I walk down the steps and flip him the bird. “Then you’re one stupid motherfucker!”
10 Months Later
“Judge, Mr. McCormick is an unacceptable guardian for the child. He-”
“I’m going to cut you off right there, counselor. Looking at Ms. Cole’s file here, I would have to beg to differ,” Judge Calhoun interjects. I swallow the dry lump in my throat, my tongue sticking to the roof of my mouth. A nervous sweat breaks out on my forehead. Judge Calhoun is an older man; his hair is curly and mostly white, with a few specks of black sweeping through the back. He’s wearing rimless glasses that sit on the bridge of his nose, and he has that ‘don’t give me shi
t’ look down pat.
“Judge, i-if I m-may,” my lawyer stammers, and I give him a sideways glance. I couldn’t afford a lawyer, so I was handed this fucktard, who doesn’t seem to know what the hell he’s doing. I can’t tell if he’s trying to be bad at this, or if he just sucks outright.

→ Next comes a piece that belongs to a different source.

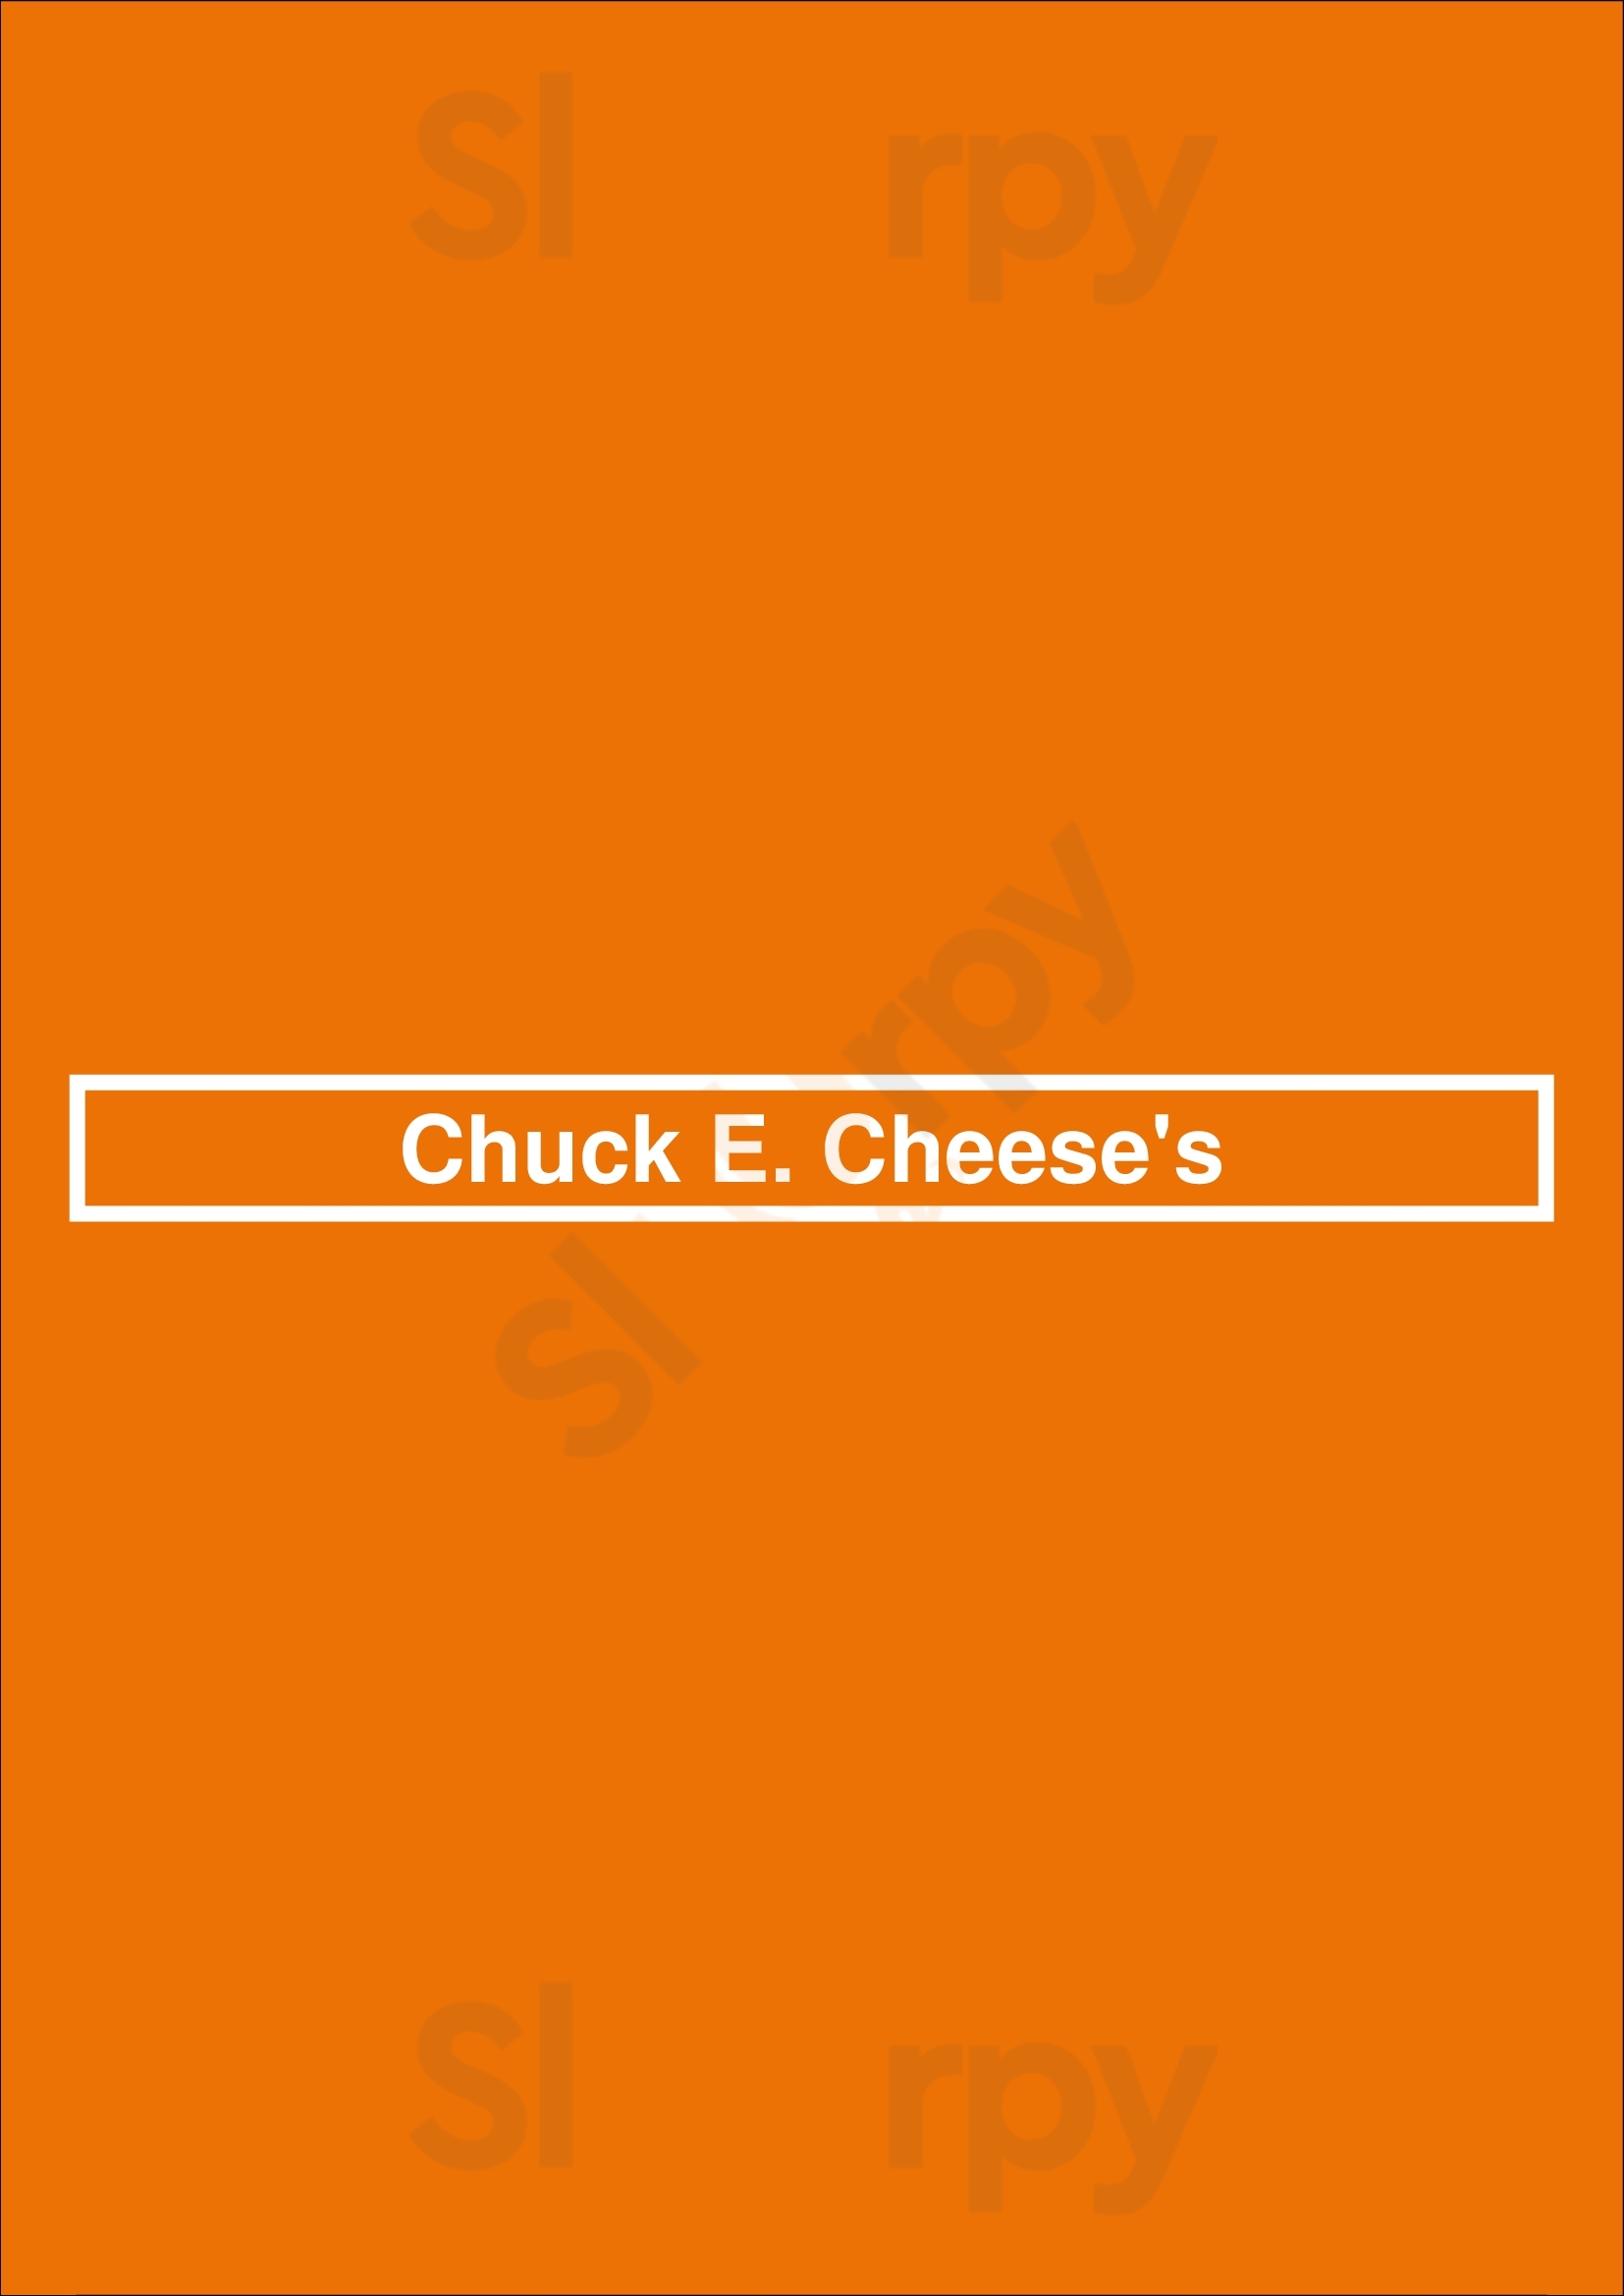 Chuck E. Cheese Louisville Menu - 1
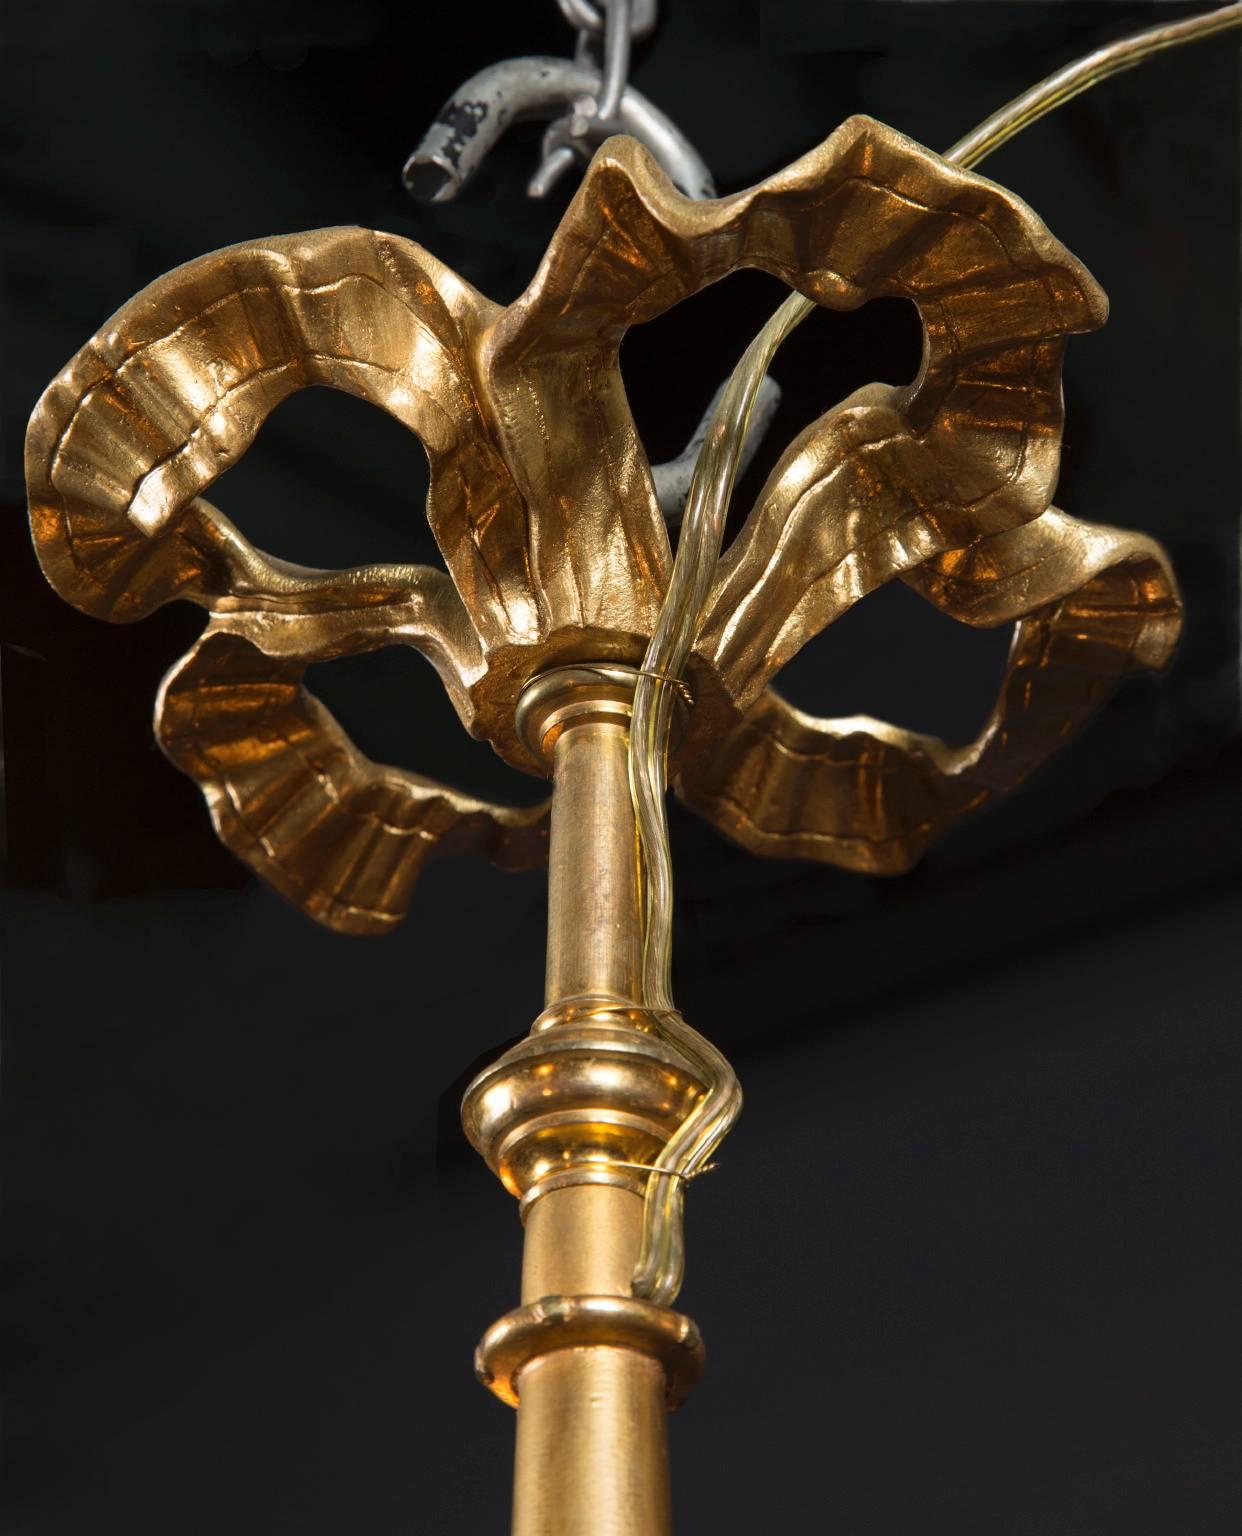 Dieser französische Louis-XVI-Kronleuchter aus Erzbronze stammt aus dem 19. Jahrhundert und ist in seiner Schlichtheit elegant. Das Stück besteht aus einem metallischen Band, das oben ausläuft. Darunter befinden sich drei Lichter, die auf drei Armen

“No, you may not,” the judge cuts him off. He holds up a piece of paper, tilting his head back to look through his glasses. “Lindsay Cole, two counts of theft, illegal substances, assault,” Judge Calhoun rambles onward, reading my record of all the unlawful incidents I’ve been pegged for over time. How does he have that shit on me? He sighs and swipes his glasses off his face, narrowing his eyes at me like I’m the Devil. “She has a rap sheet a mile long. As for the father, he’s as clean as a whistle. I think I would be doing this child a favor taking the mother out of the picture.” I gasp with dread and pull on my lawyer’s arm. My ears ring, and I feel like I may faint.
“How does he know about those things? All of it happened when I was underage,” I whisper in disbelief. “You have to do something!” My lawyer has a look of ignorance written on his face, like he’s in above his head, and my mouth pops open. I’m dumbfounded at how stupid he is for a fucking lawyer.
I avert my eyes from my lawyer and glance at Eric across the way. He’s sitting back in his chair, an arrogant smirk across his face as if he doesn’t have a care in the world. He thinks he’s going to win this, and by the way this is going, he just might. Gah! I just want to slam his face into that table. My fingernails dig into my chair with the unbearable urge to do it. He doesn’t want Piper; he just wants her so I can’t tarnish his name. He wants to prove a point his father couldn’t prove with his mother. He wants to hurt me ‘cause he knows he can. That is who he is, after all; he’s a bully and he won’t change. A little boy with a magnifying glass, and I’m the ant that was stupid enough to walk right in his line of sight.
The gavel slams, making me jump.
“I’ve made my decision. Lindsay Cole, you are denied guardianship over Piper Cole. Full custody is granted to Mr. Eric McCormick.”